A beautiful sight. Photo by Bank Phrom on Unsplash

Recently it was Press Freedom Day, or given the way things are going, Press Unfreedom Day. The group Reporters Without Borders (confusingly they are called RSF, like Medecins Sans Frontiers presumably) publish a ranking of press freedoms in different countries each year. They base it on counting actual incidents of repression, plus responses to a detailed questionnaire. It makes uncomfortable reading, which is perhaps the point.

At the top with the freest presses come the usual suspects of high-standard-of-living, happy countries, like the Nordic lands. A shout-out to Portugal (7th) and Costa Rica (8th). The UK is in its usual position of believing itself to be the best in the world but actually coming in at number 24. The US, armed with its First Amendment, crawls in at a distinctly saddo 42nd. Burkina Faso and Moldova, I’m sorry to say, both do better than the Land of the Free.

The nations that have tumbled down the list are the real horrors. China is 175th (out of 178). India, land of 100,000 newspapers is much freer but still a lowly 150th. Though there’s a bit of shooting of journalists (one this year) in that country and jailing of them (13 in prison), the main government strategy is getting its rich friends to buy news outlets:

Originally a product of the anti-colonial movement, the Indian press used to be seen as fairly progressive but things changed radically in the mid-2010s, when Narendra Modi became prime minister and engineered a spectacular rapprochement between his party, the BJP, and the big families dominating the media. (RSF India briefing)

Or its social media acolytes to bully them:

Rana Ayyub, an Indian commentator who loudly admonishes Prime Minister Narendra Modi for stoking anti-Muslim violence, has endured a campaign of intimidation by his supporters. Hindu nationalist trolls have superimposed her face onto pornographic videos, called for her murder, and shared her home address online. Fear of attack has confined Ms Ayyub to her home for long spells. Unable to eat from the anxiety, she has spent days on end in bed and been fed through an intravenous drip. “It’s a living, breathing nightmare for me and my family,” she says. (The Economist, 2022 May 7, ‘Where the Truth Lies’)

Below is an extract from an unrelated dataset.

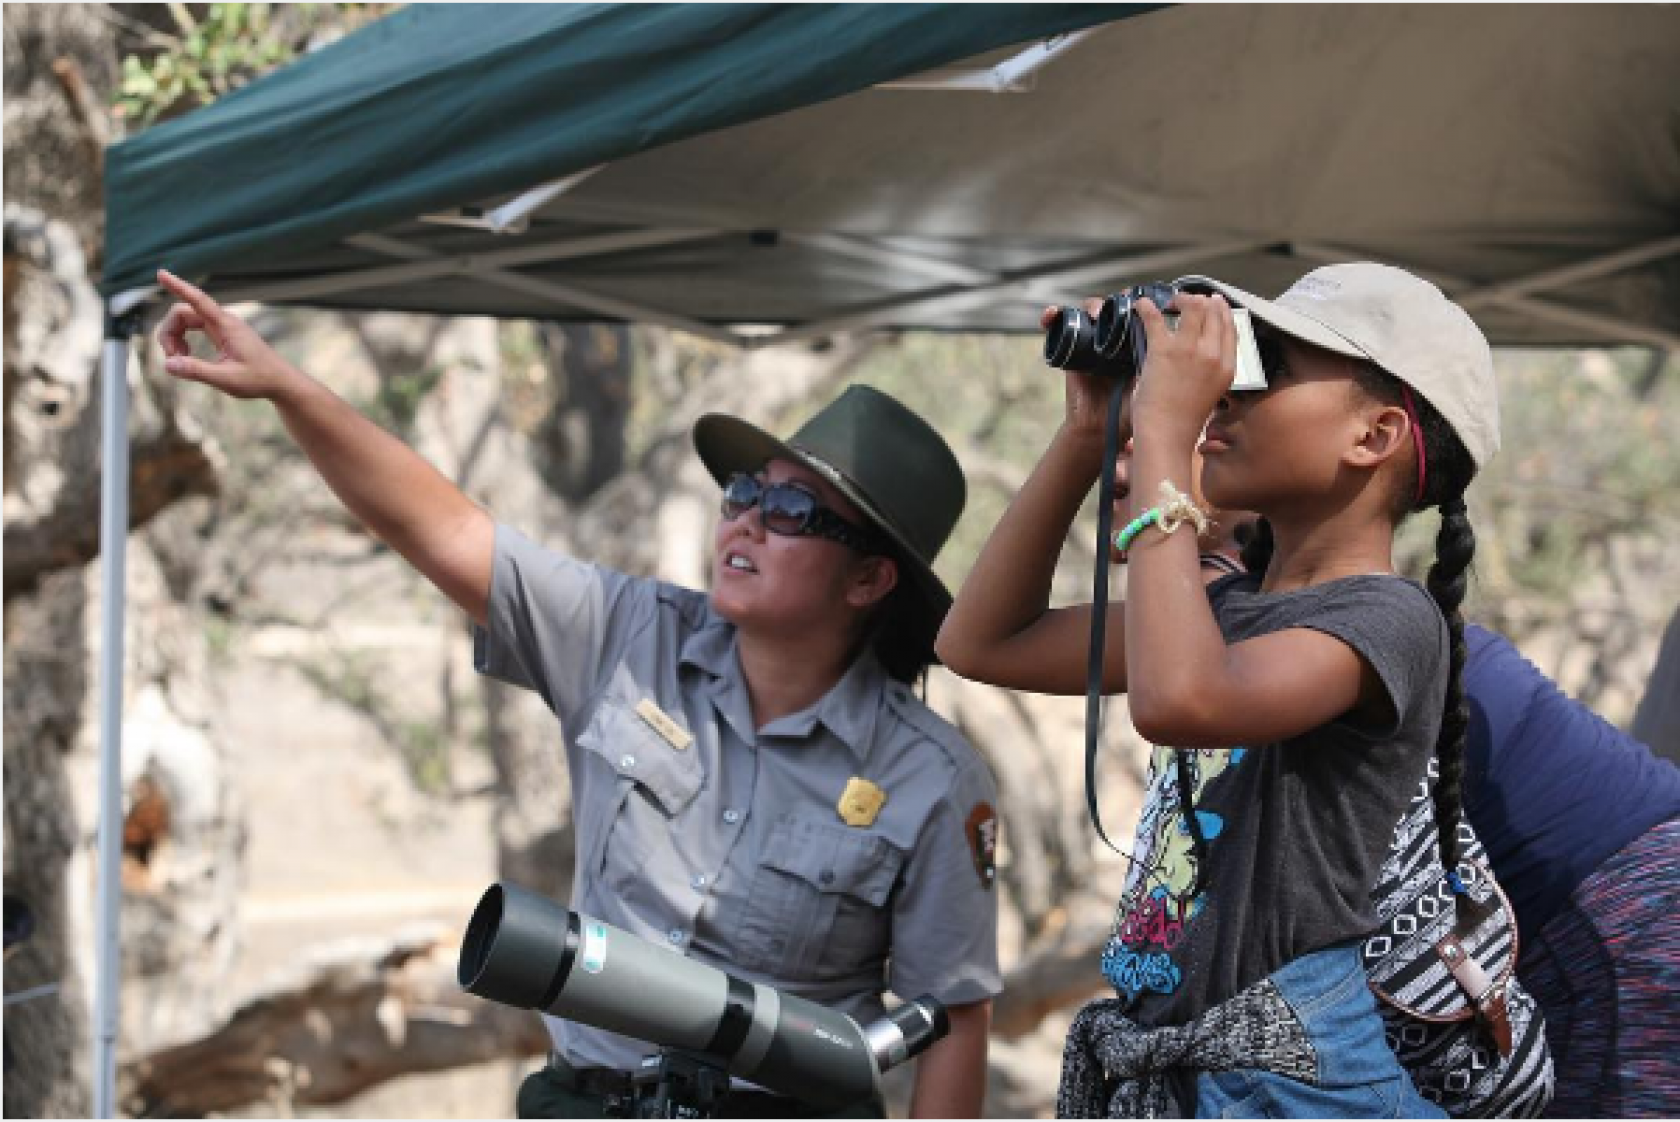 Park ranger pointing to sky while child looks through binoculars

Or set the police dogs on them:

Indian law is protective in theory but charges of defamation, sedition, contempt of court and endangering national security are increasingly used against journalists critical of the government, who are branded as “anti-national.

Lots of countries sing from the same songsheet. Mexico directs government advertising revenue to friendly newspapers. Hungary’s president, proudly pursuing his illiberal state with a Christian sugar-coating, just like Vladimir Putin, has nudged his oligarch friends to buy, then muzzle, the media. Hong Kong, once so free, is now bound and gagged and I’m sure its people are delighted to be so mothered by the Chinese Communist Party.
Britain and the US both suffer from the concentration of the media in very few hands and the decline of regional and local dailies.

Is there good news anywhere? That’s for next week.

Navalny

We recently watched the documentary on BBC iPlayer about Alexi Navalny, the Russian opposition leader. So moving and astonishing. At the same time I am listening to an audio book called Putin’s People by Catherine Belton, a book I bought because it was a way of supporting a journalist who was being dragged through the courts by the oligarcocracy. She and Harper Collins fought them off I believe.

So I am on an intensive Putin course at the moment. And Alex Navalny and his wife Yulia and their children are such a breath of fresh air in all the thuggishness. Brave, of course, but witty too and perhaps there is no better way to profoundly disturb an autocrat than to joke about him. The documentary showed how the sinister and powerful FSB, successors to the KGB, tried and failed to poison Navalny’s underpants. Such grim incompentence is a joy to behold. Then, thanks to OSINT (open source intelligence) characters like the people at Bellingcat, he and they were able to find the names, addresses, and phone numbers of the death squad. And ring them up.

In some of the most compelling TV I have watched this year, Alex Navalny then pretended to be a senior FSB type asking for a report from the poisoner. And he got it, to the astonishment of those listening. Possibly that would mar the promotion prospects of the poor FSB man who was tricked. All this stuff was broadcast around the world, to the extreme discomforture of the people in charge in Russia.

And then Navalny went back. To immediate arrest and jail in some bleak corner of Siberia. What courage. What sacrifice. What cost. What a relief that there are still such people in this world, this world of thugs and autocrats. And now, without wishing to be unduly political, Russia has the wrong person in jail and the wrong person in charge.

What will happen next? What will happen next is that someone has taken the slow, brave path, a cheerful smile against the murderers and thieves. Surely it will resonate.